* **What you are asked to do**: From the material below, retype exactly the lines that begin at the line with "bio diversity map" and end after the line with "Taylor 73253 Spiro-Pro Spark Plug Wires 8mm"; pictures stay out of the copy.

* **Given records**:
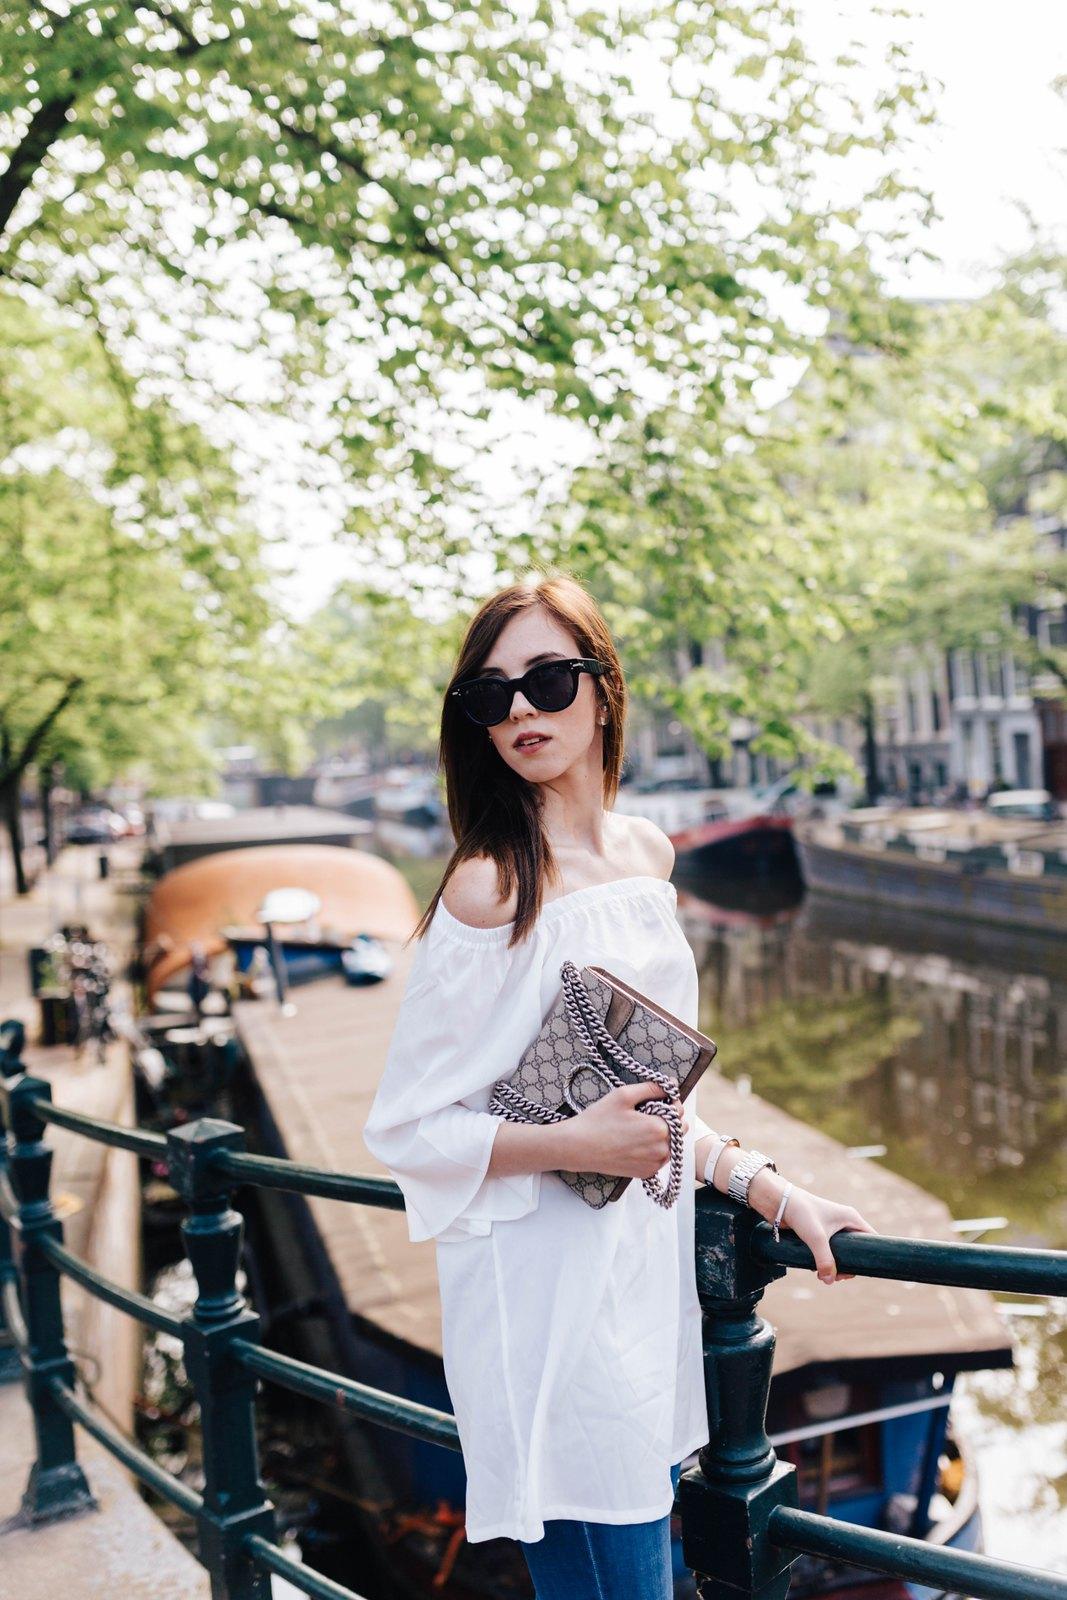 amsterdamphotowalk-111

--

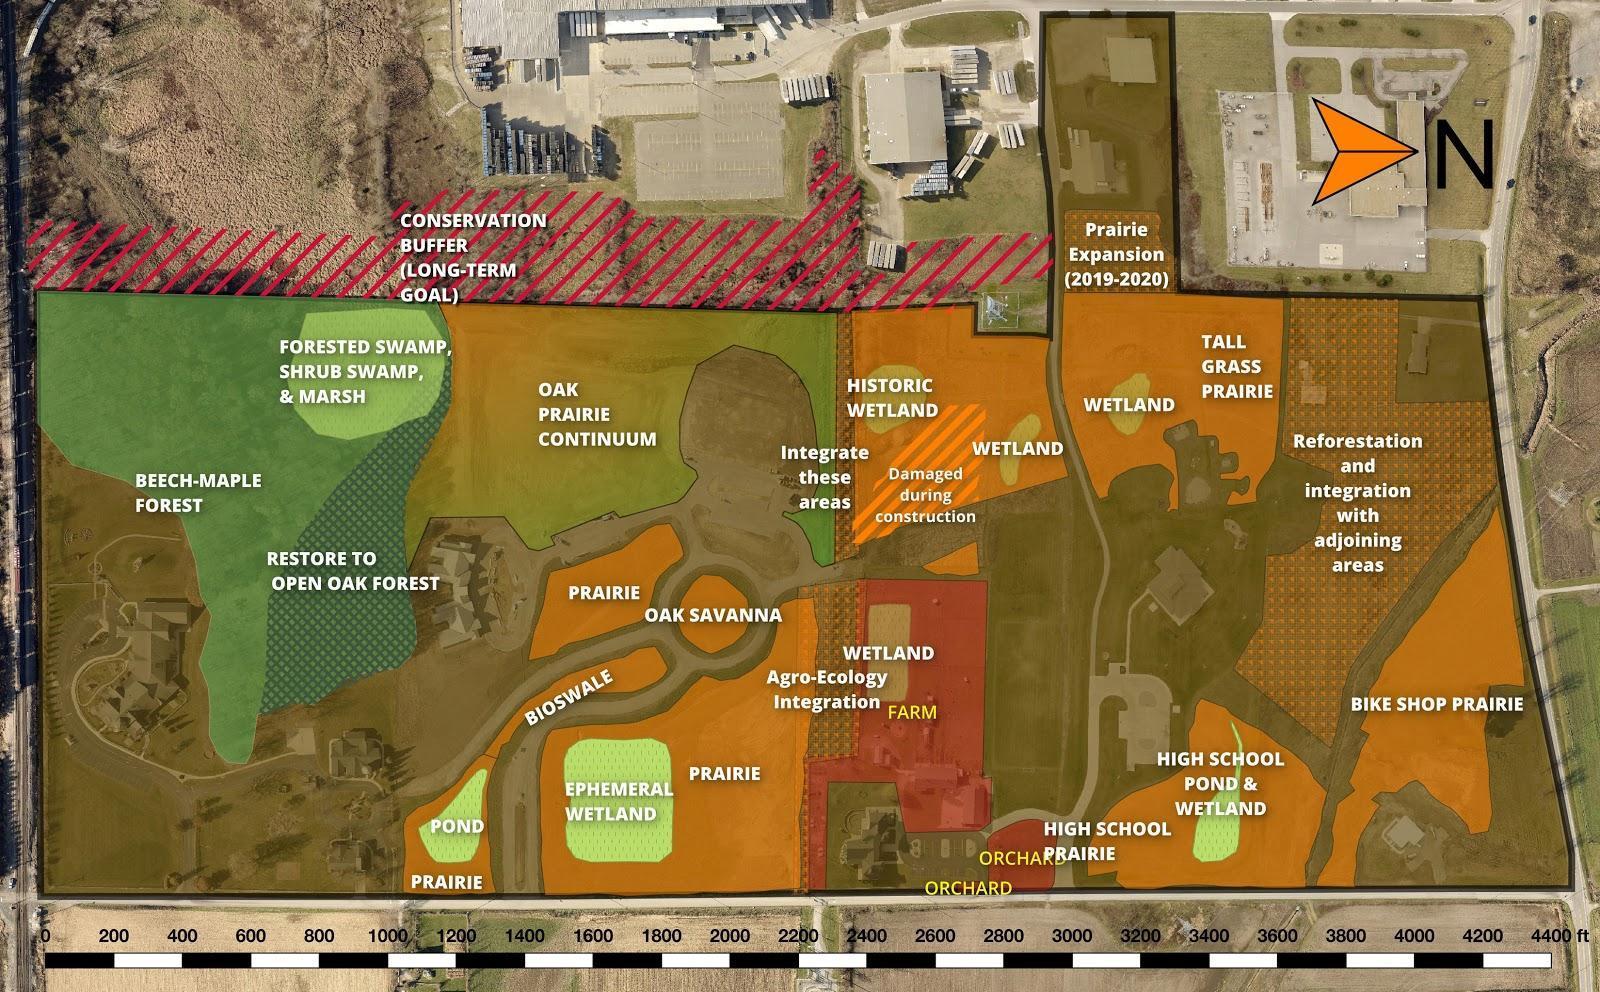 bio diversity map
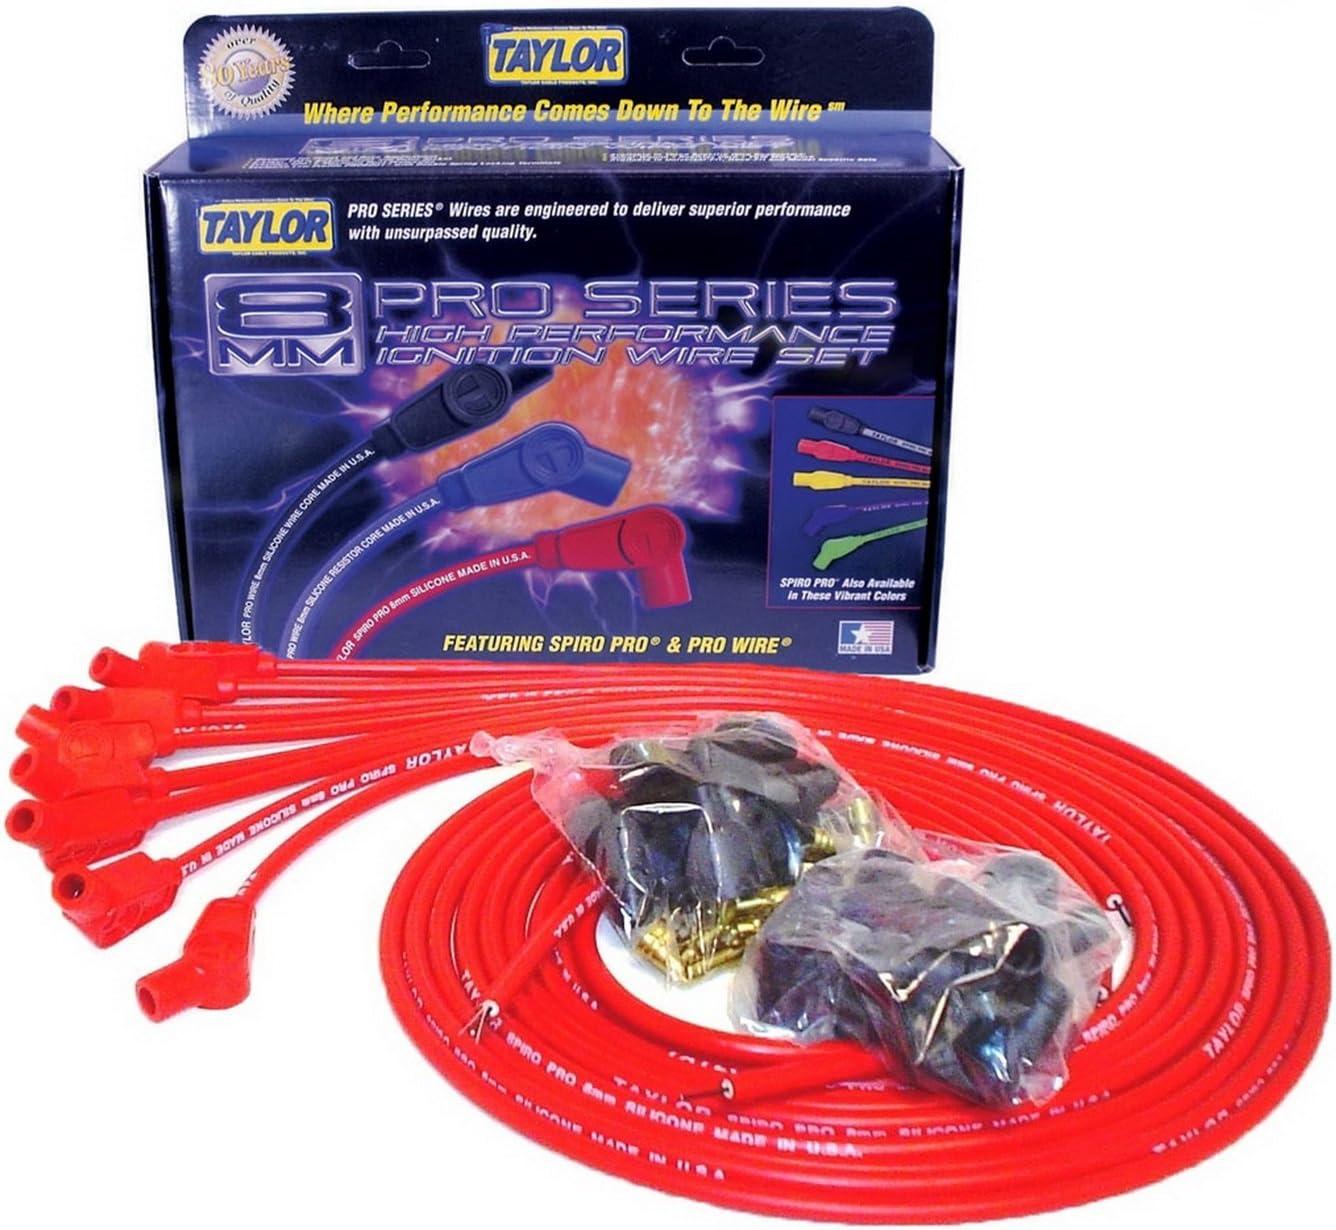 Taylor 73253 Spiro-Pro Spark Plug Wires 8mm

* * *

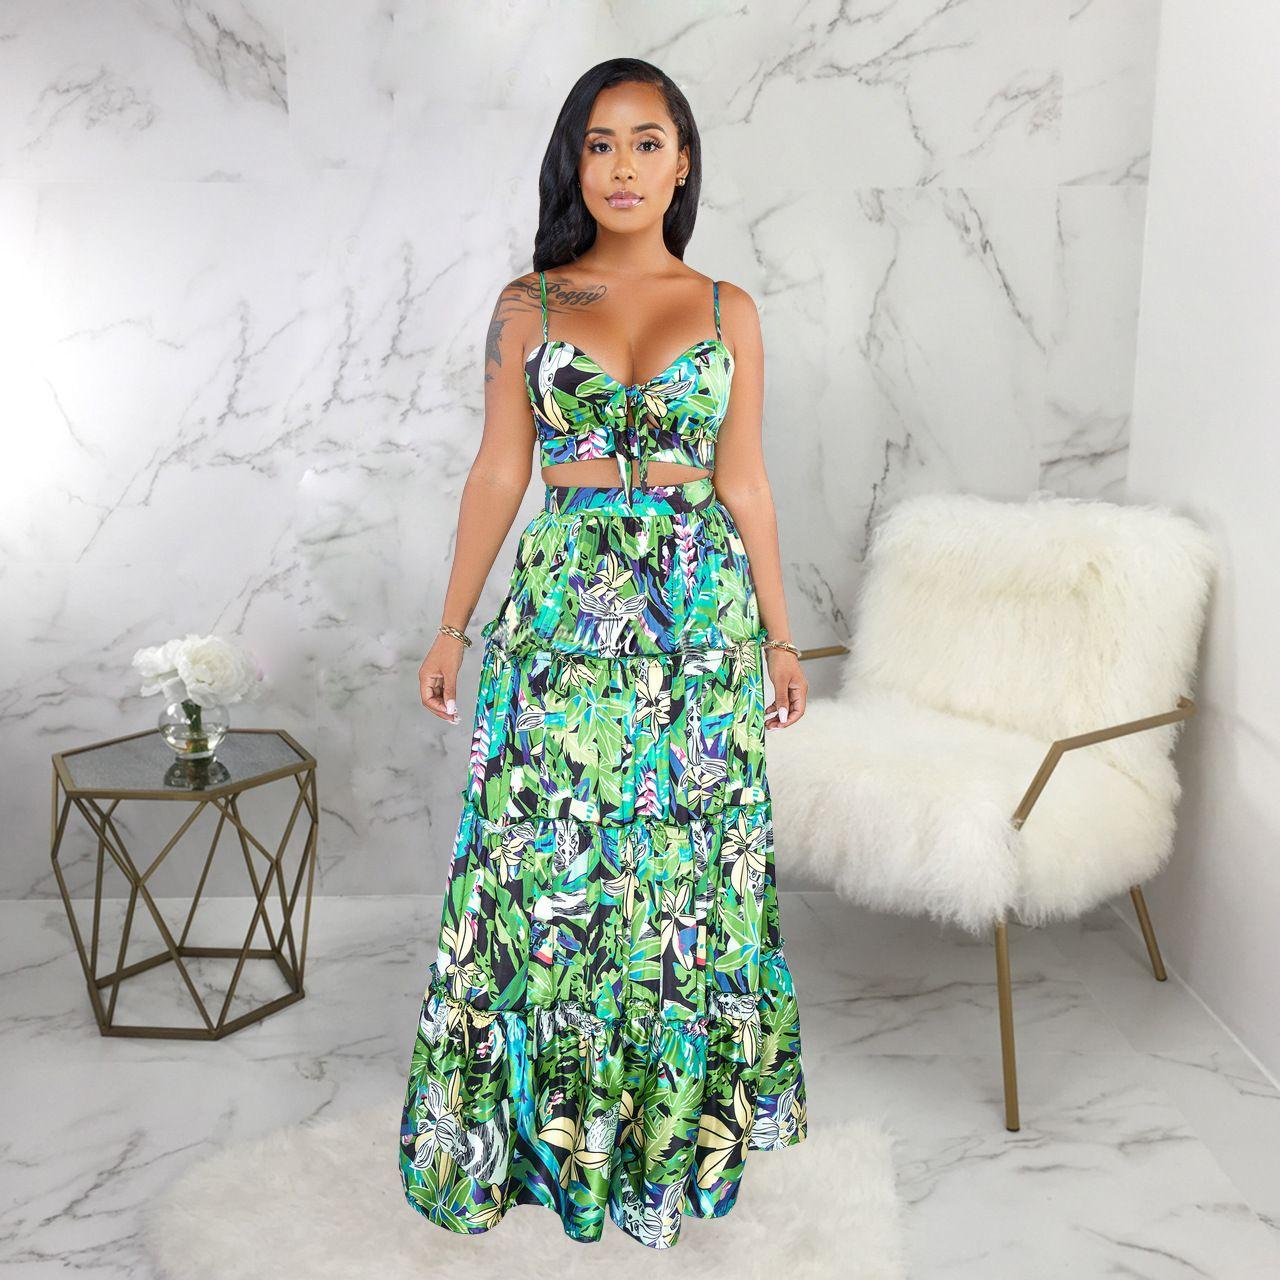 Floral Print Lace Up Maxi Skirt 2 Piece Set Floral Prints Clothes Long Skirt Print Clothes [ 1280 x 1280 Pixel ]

* **Output for this exercise**:
 bio diversity map
 Taylor 73253 Spiro-Pro Spark Plug Wires 8mm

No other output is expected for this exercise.